[LISTED ENTRIES Boundary: Start]

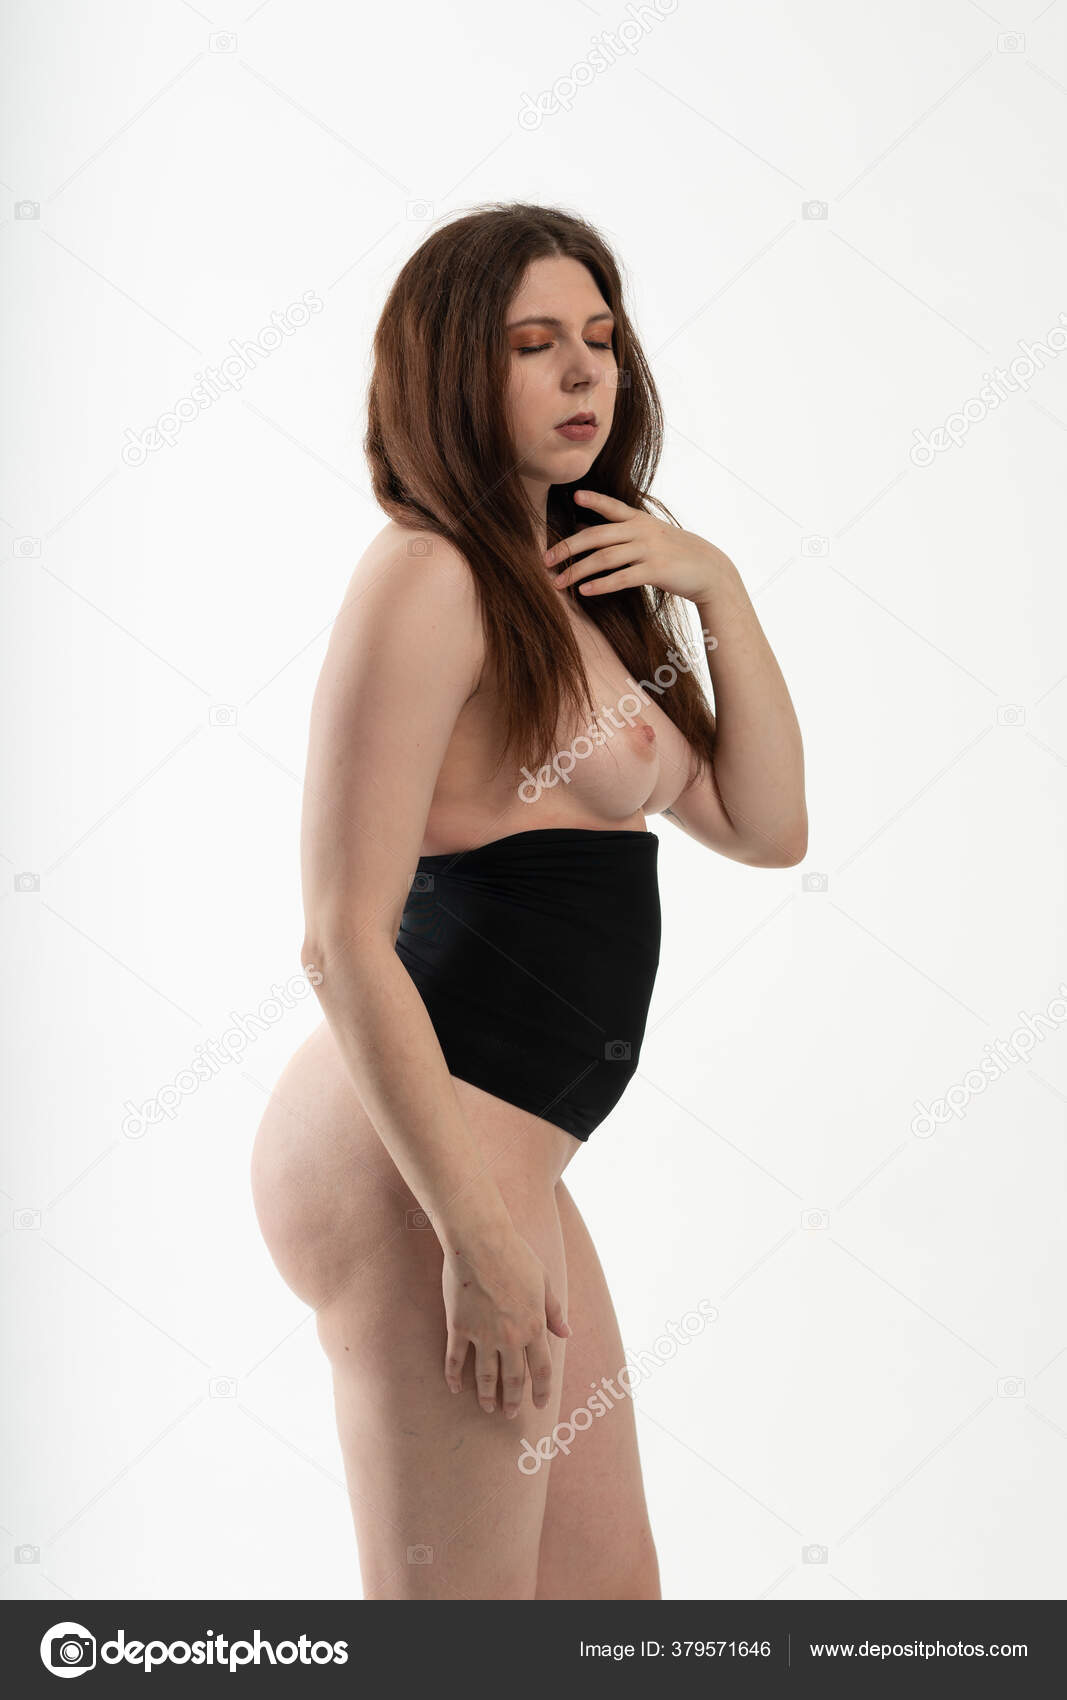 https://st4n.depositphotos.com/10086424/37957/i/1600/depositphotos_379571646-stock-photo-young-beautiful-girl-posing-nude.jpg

[LISTED ENTRIES Boundary: End]
[LISTED ENTRIES Boundary: Start]

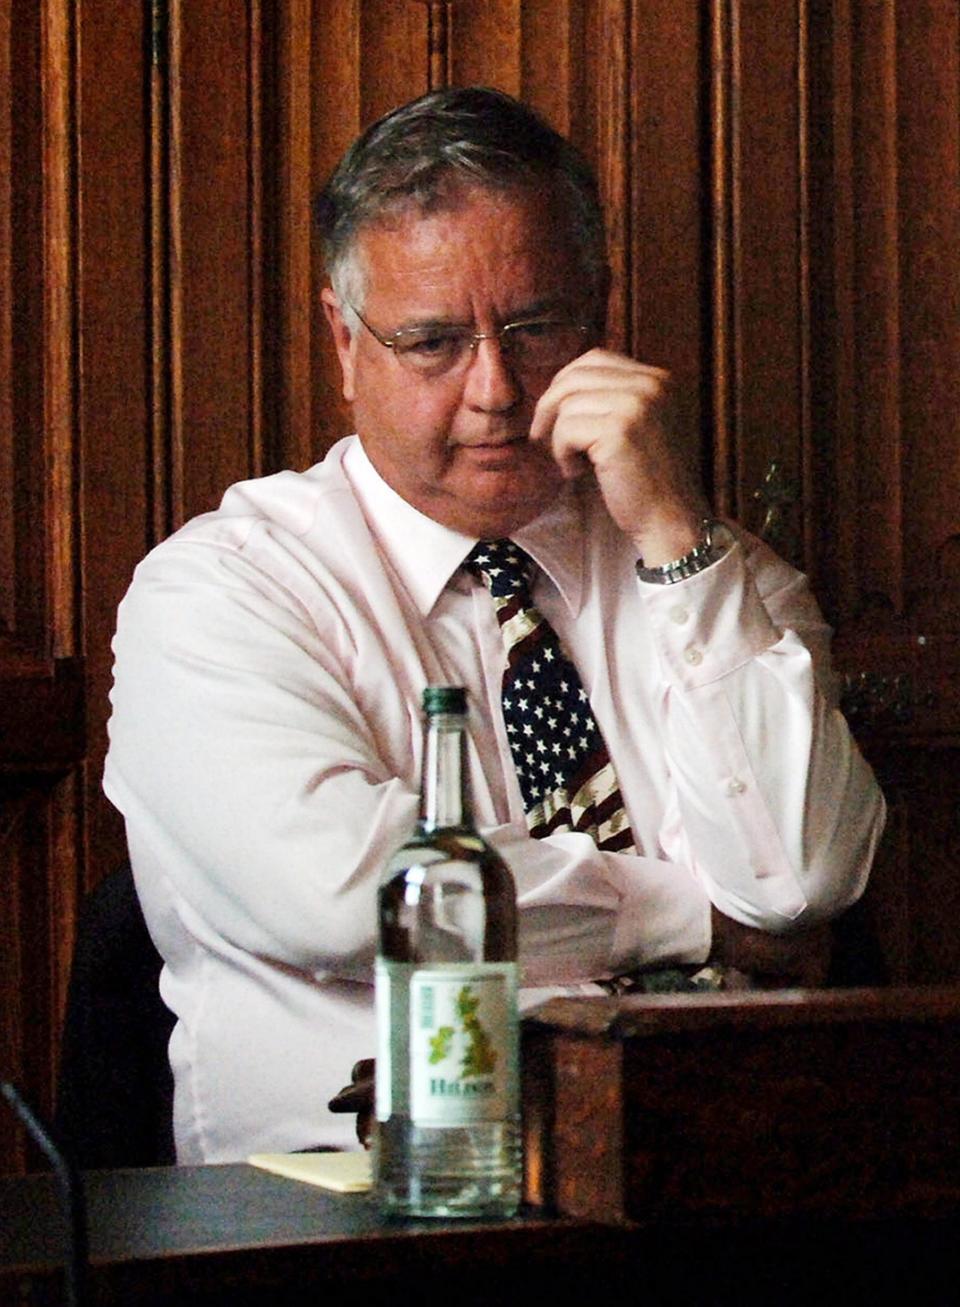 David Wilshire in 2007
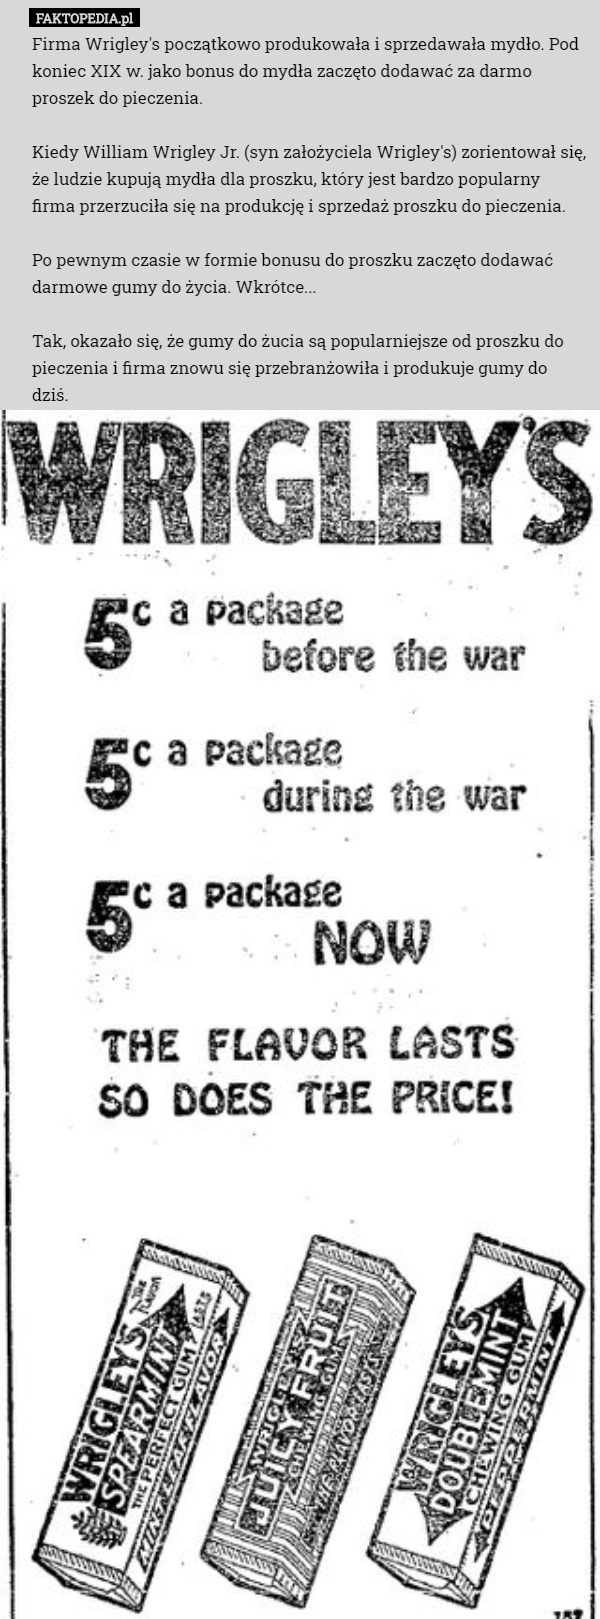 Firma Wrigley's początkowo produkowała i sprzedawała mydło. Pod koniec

[LISTED ENTRIES Boundary: End]
[LISTED ENTRIES Boundary: Start]

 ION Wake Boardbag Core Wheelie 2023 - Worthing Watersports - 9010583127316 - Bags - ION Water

[LISTED ENTRIES Boundary: End]

## WHAT YOU WILL DO
Keep to the lines above from the line with "David Wilshire in 2007" to the line with "Firma Wrigley's początkowo", and set down exactly those, inclusive, with nothing else and every picture left out.

## REPLY TO THE EXERCISE
 David Wilshire in 2007
 Firma Wrigley's początkowo produkowała i sprzedawała mydło. Pod koniec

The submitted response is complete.